As you can see, our approach involves pairing the right SQL query with the corresponding user input, providing clear examples for the AI to learn from. However, as the repository of examples expands over time, it becomes impractical to include all examples in a single AI prompt due to token limitations.

Fortunately, Langchain offers a solution to this challenge. It enables the selection of only those examples that are relevant to the current user input. This method results in more efficient prompting and reduces the token count, ensuring the AI operates within its constraints.
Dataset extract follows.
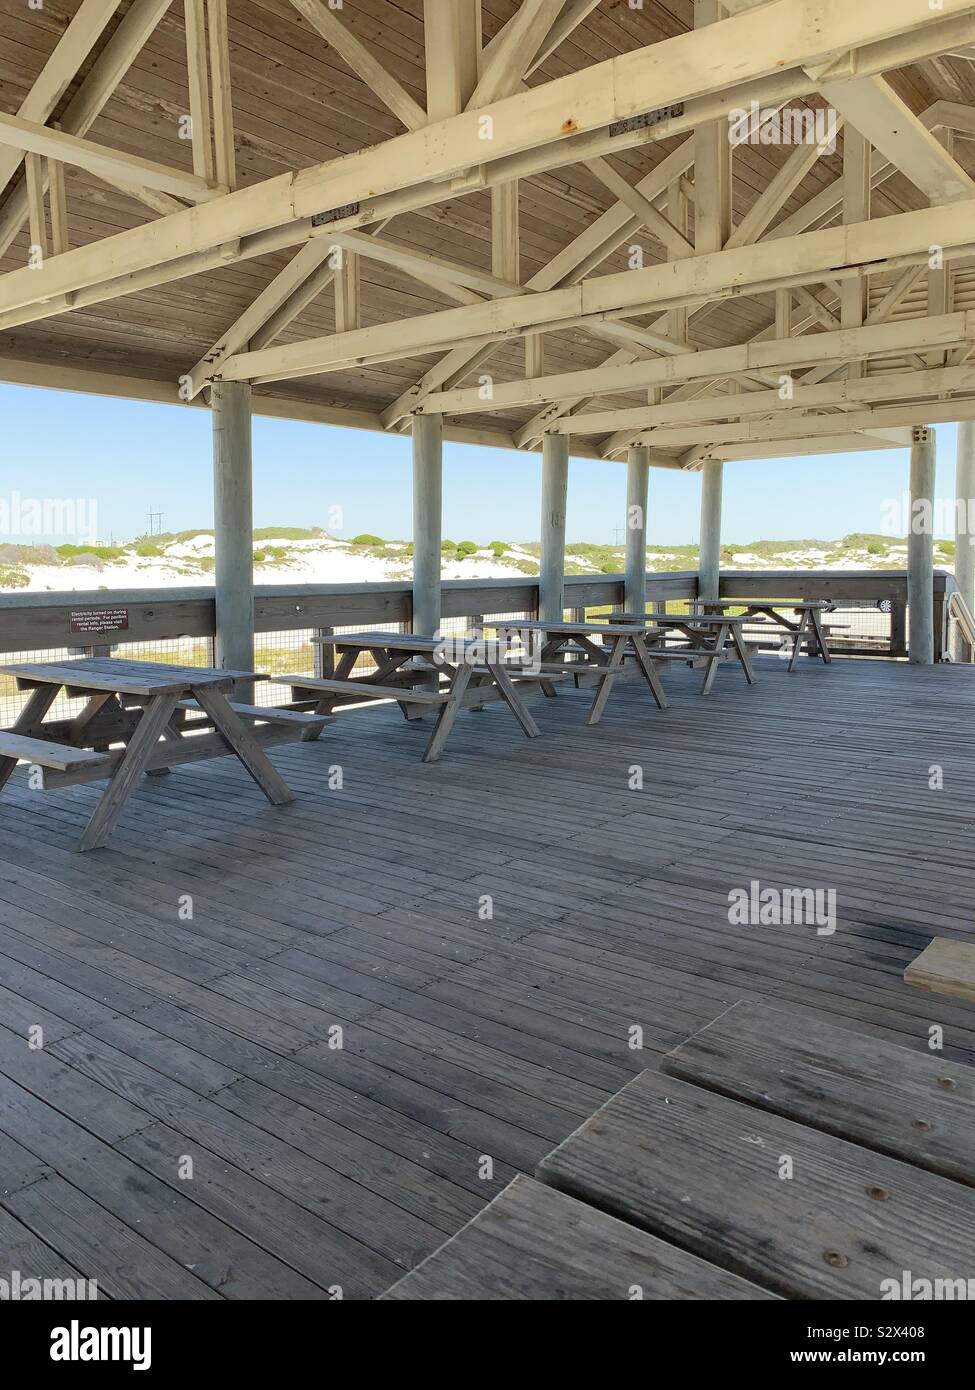 Pabellón al aire libre en la playa, área de picnic con mesas y vista de dunas de arena blanca Foto de stock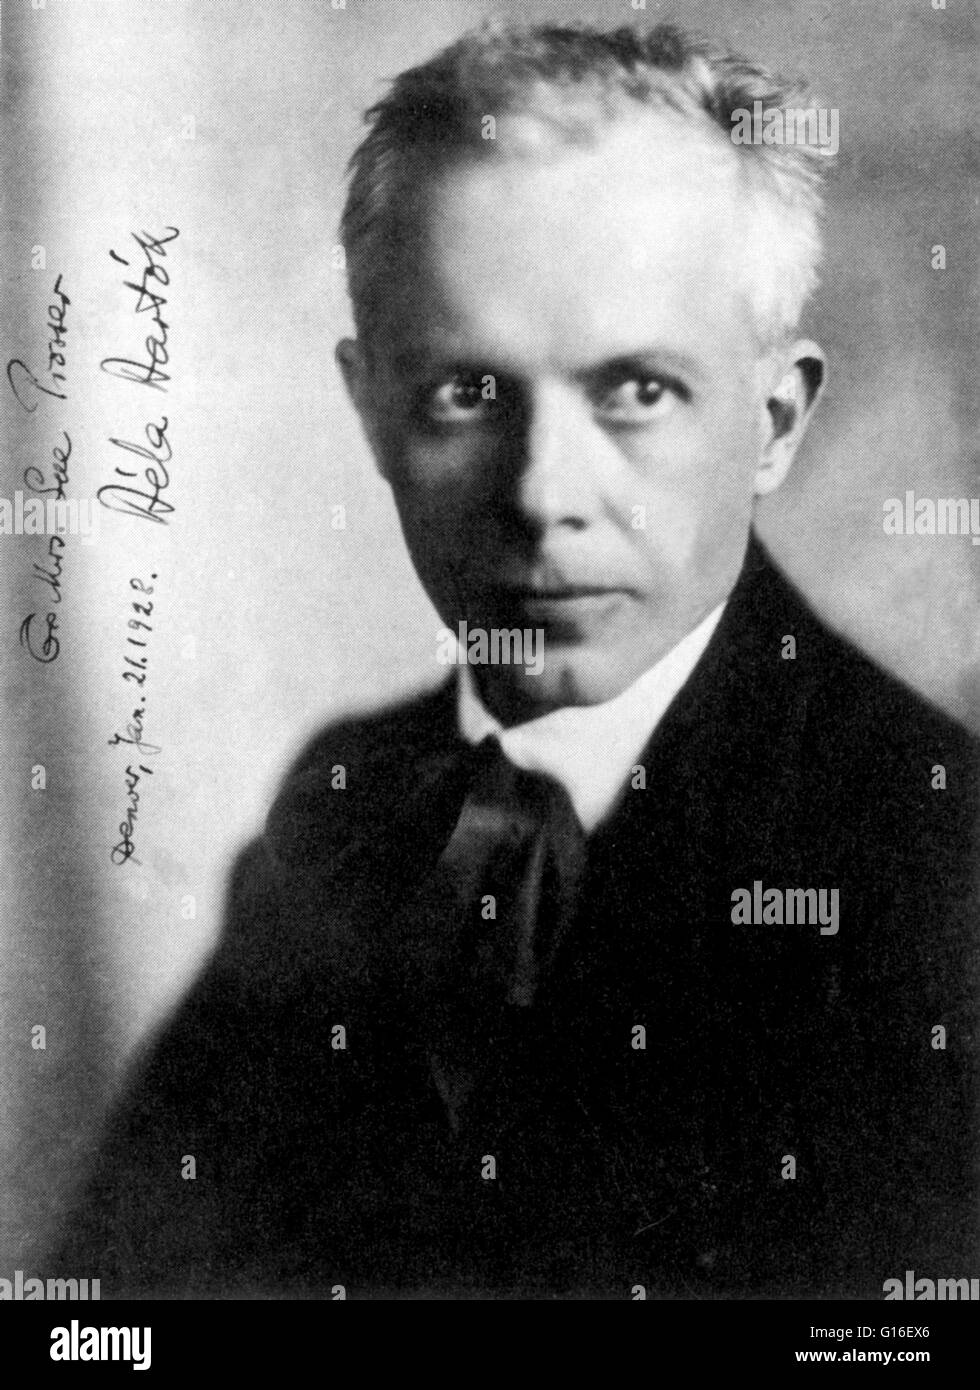 Béla Viktor János Bartók (25. März 1881 - 26. September 1945) war ein ungarischer Komponist und Pianist. Er gilt als einer der wichtigsten Komponisten des 20. Jahrhunderts. Durch seine Sammlung und analytische Studie der Volksmusik war er eines der fou Stockfoto

Here’s how we implement this efficient selection mechanism:

A few short learning processes, by Muffaddal

To streamline our few-shot learning approach and manage token limitations, we will convert our list of example SQL queries and user inputs into embeddings. These embeddings represent the content in a form that AI models can quickly process and compare. By comparing the embeddings of the user’s current input with those of our examples, the AI can identify and use only the most relevant examples for generating responses. This method ensures efficient and accurate AI performance without overwhelming the system. Below is the code that demonstrates how to achieve this:

  example_selector = SemanticSimilarityExampleSelector.from_examples(
# This is the list of examples available to select from.
examples,
# This is the embedding class used to produce embeddings which are used to measure semantic similarity.
GoogleGenerativeAIEmbeddings(model="models/embedding-001",google_api_key = google_api_key),

# This is the VectorStore class that is used to store the embeddings and do a similarity search over.
FAISS,
# This is the number of examples to produce.
k=2,
)

The code provided employs Google’s embeddings for transforming SQL queries and user inputs into a format suitable for rapid AI processing.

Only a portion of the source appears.